[Opening Source data section]
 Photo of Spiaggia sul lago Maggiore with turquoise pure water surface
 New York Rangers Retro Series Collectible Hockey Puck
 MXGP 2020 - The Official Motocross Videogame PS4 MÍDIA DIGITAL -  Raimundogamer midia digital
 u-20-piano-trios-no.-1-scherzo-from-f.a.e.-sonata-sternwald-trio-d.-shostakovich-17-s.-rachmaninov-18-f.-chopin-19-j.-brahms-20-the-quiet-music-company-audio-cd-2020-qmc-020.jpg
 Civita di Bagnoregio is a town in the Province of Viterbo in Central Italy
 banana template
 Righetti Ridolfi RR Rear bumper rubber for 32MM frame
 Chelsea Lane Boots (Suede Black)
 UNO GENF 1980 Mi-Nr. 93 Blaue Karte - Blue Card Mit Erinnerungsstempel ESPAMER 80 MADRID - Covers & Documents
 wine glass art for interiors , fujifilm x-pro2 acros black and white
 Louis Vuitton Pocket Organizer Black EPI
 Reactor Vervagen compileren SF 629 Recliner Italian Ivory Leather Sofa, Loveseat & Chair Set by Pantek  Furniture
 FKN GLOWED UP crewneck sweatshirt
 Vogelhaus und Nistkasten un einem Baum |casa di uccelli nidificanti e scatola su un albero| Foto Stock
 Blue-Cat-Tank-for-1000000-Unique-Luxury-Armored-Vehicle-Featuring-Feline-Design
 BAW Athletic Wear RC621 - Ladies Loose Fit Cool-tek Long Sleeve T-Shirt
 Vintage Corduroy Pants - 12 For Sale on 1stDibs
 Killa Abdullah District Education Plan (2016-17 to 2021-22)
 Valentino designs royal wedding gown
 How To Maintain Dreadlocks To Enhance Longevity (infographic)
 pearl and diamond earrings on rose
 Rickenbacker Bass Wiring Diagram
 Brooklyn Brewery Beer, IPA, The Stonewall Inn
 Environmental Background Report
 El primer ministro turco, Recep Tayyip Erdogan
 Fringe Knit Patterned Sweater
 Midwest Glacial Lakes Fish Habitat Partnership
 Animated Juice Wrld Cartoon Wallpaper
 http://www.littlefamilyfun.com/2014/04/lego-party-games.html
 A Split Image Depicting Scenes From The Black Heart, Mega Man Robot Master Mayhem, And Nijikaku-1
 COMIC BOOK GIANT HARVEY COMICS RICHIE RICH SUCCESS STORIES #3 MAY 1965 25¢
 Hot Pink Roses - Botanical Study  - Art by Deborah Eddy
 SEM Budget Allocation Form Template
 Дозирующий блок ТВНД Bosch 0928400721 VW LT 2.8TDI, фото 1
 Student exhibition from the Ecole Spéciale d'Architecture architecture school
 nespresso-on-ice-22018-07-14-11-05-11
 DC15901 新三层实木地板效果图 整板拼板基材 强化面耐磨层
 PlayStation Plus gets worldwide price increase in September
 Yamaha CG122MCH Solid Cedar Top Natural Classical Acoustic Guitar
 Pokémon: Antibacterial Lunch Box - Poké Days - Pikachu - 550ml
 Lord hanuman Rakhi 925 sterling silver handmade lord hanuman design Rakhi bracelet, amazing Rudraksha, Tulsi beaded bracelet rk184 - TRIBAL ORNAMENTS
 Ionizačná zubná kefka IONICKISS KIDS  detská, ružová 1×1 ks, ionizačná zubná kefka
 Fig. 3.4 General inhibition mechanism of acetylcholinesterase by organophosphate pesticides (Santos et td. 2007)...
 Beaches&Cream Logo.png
[Closing Source data section]
Set down exactly the lines of the data above, beginning with the line that has "Environmental Background Report" and ending with the line that has "http://www.littlefamilyfun.com/2014/04/lego-party-games.html", and no others.

Your response »
 Environmental Background Report
 El primer ministro turco, Recep Tayyip Erdogan
 Fringe Knit Patterned Sweater
 Midwest Glacial Lakes Fish Habitat Partnership
 Animated Juice Wrld Cartoon Wallpaper
 http://www.littlefamilyfun.com/2014/04/lego-party-games.html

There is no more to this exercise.